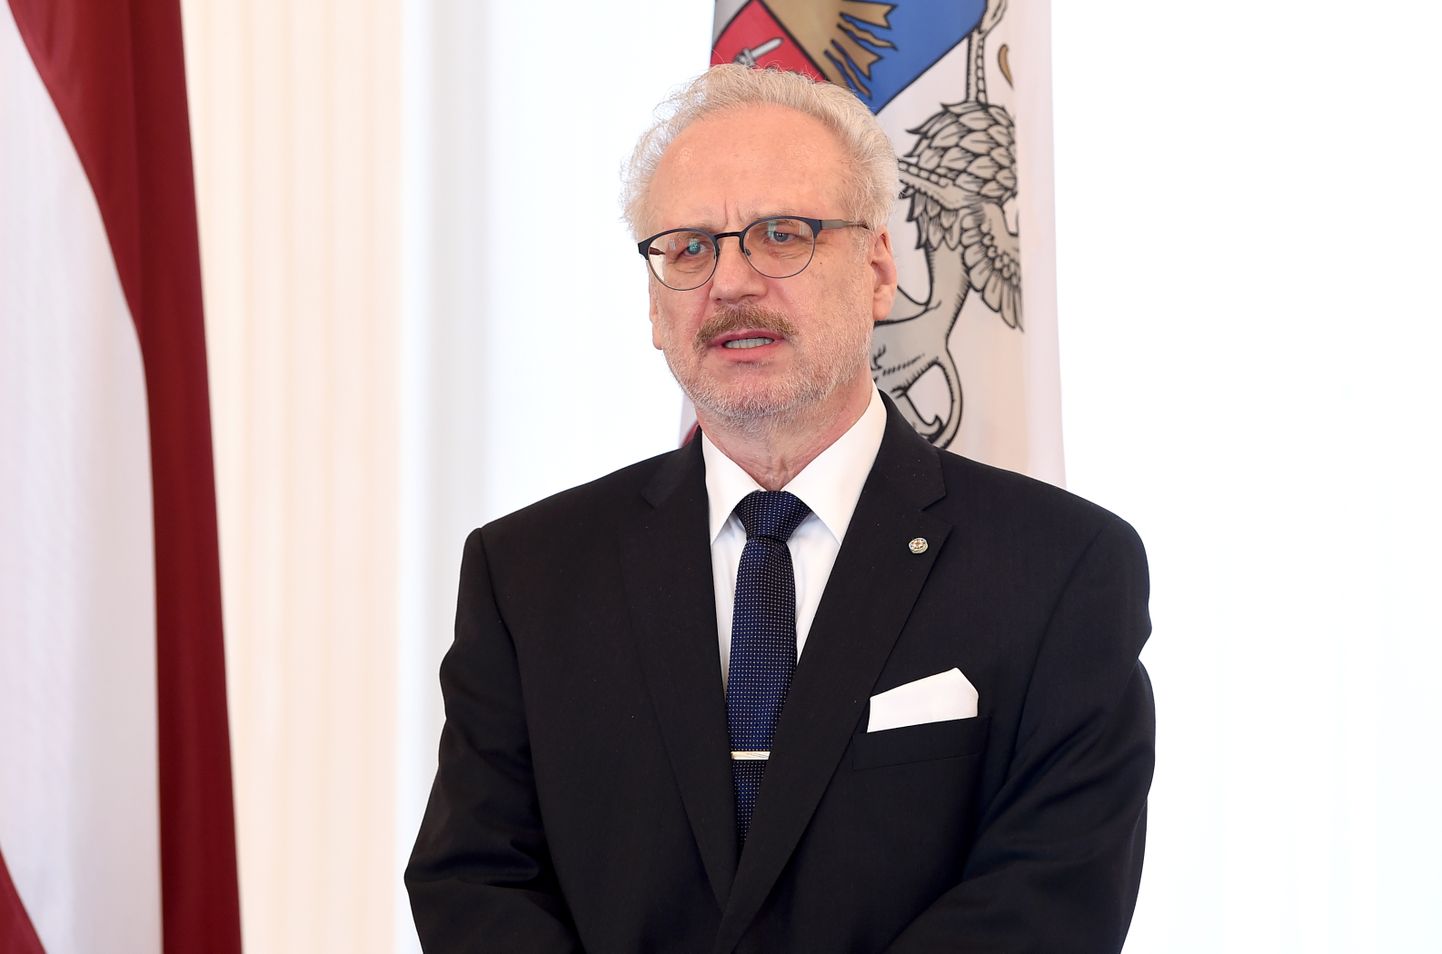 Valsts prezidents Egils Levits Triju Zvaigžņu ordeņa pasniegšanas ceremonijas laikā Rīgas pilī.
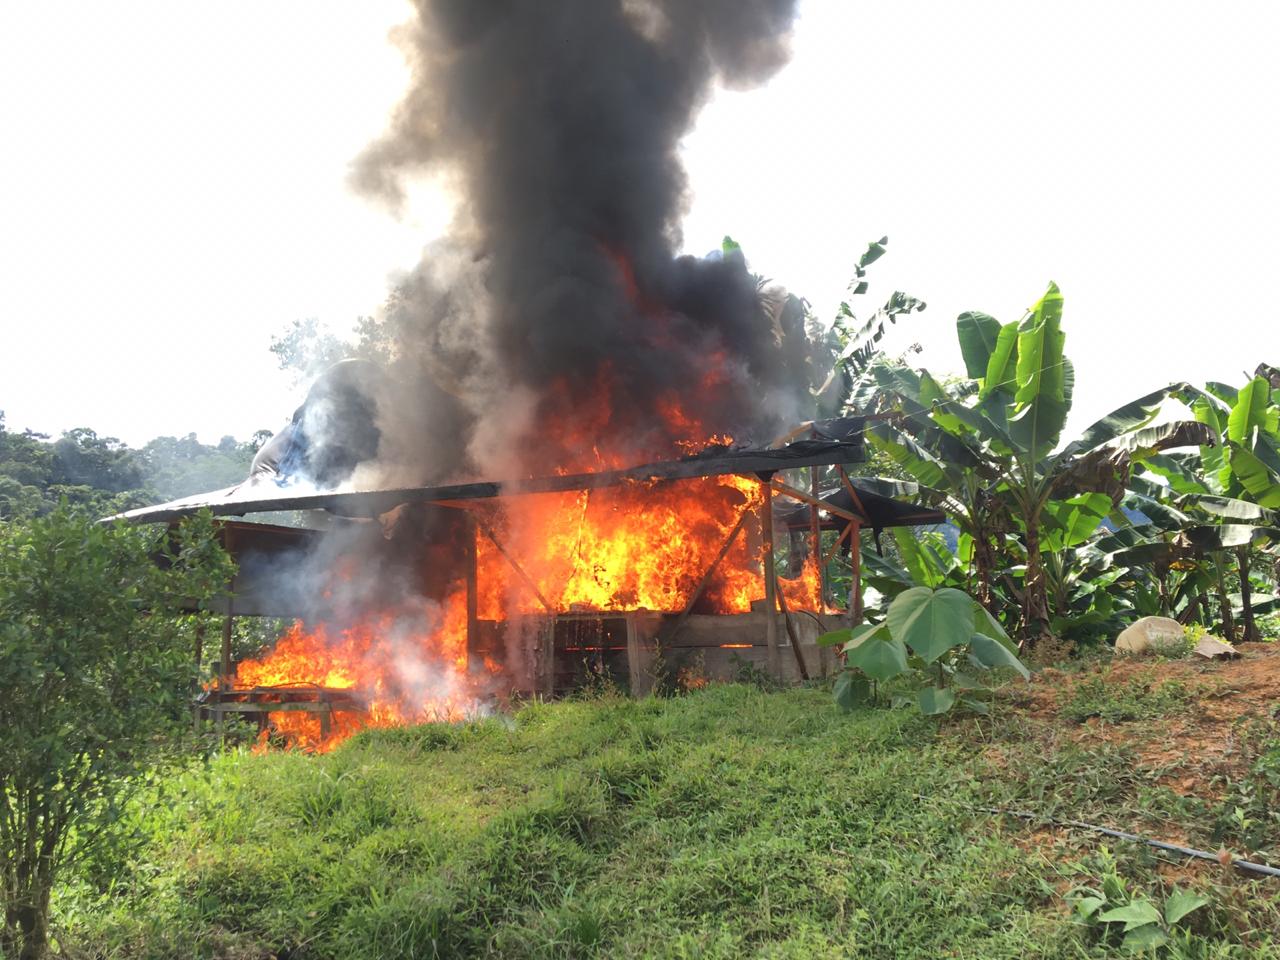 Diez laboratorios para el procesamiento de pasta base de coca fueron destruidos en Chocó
____
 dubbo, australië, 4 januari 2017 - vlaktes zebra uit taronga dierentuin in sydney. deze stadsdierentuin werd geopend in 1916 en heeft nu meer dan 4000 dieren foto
____
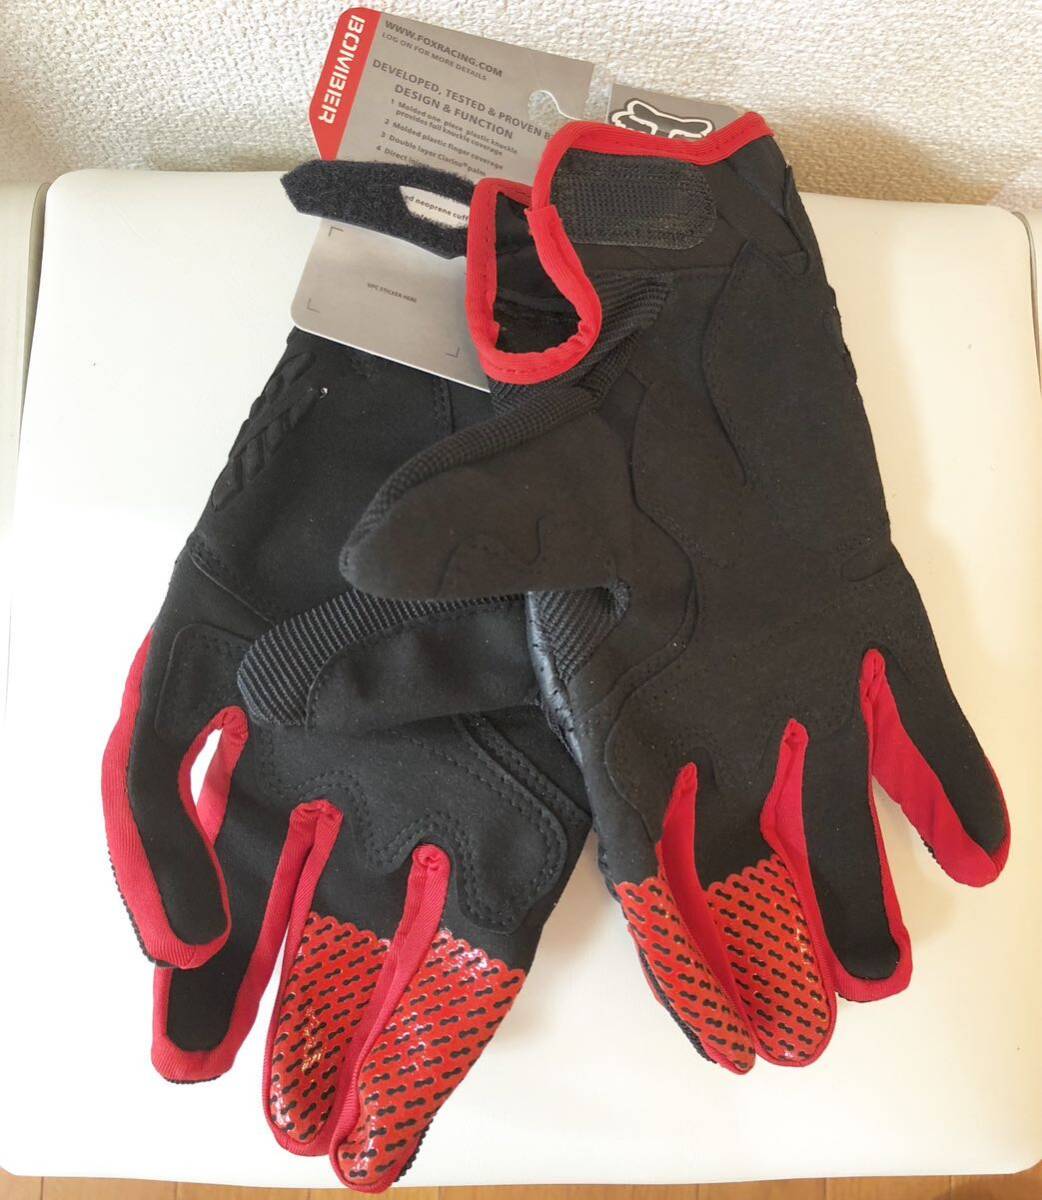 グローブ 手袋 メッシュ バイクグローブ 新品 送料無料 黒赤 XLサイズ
____
## WORK INSTRUCTION
Transcribe, from the material above, the stretch starting at the line with "Valsts prezidents Egils" and ending at the line with "Diez laboratorios para", both included, exactly. Do not carry over pictures.

## YOUR SOLUTION
 Valsts prezidents Egils Levits Triju Zvaigžņu ordeņa pasniegšanas ceremonijas laikā Rīgas pilī.
 Diez laboratorios para el procesamiento de pasta base de coca fueron destruidos en Chocó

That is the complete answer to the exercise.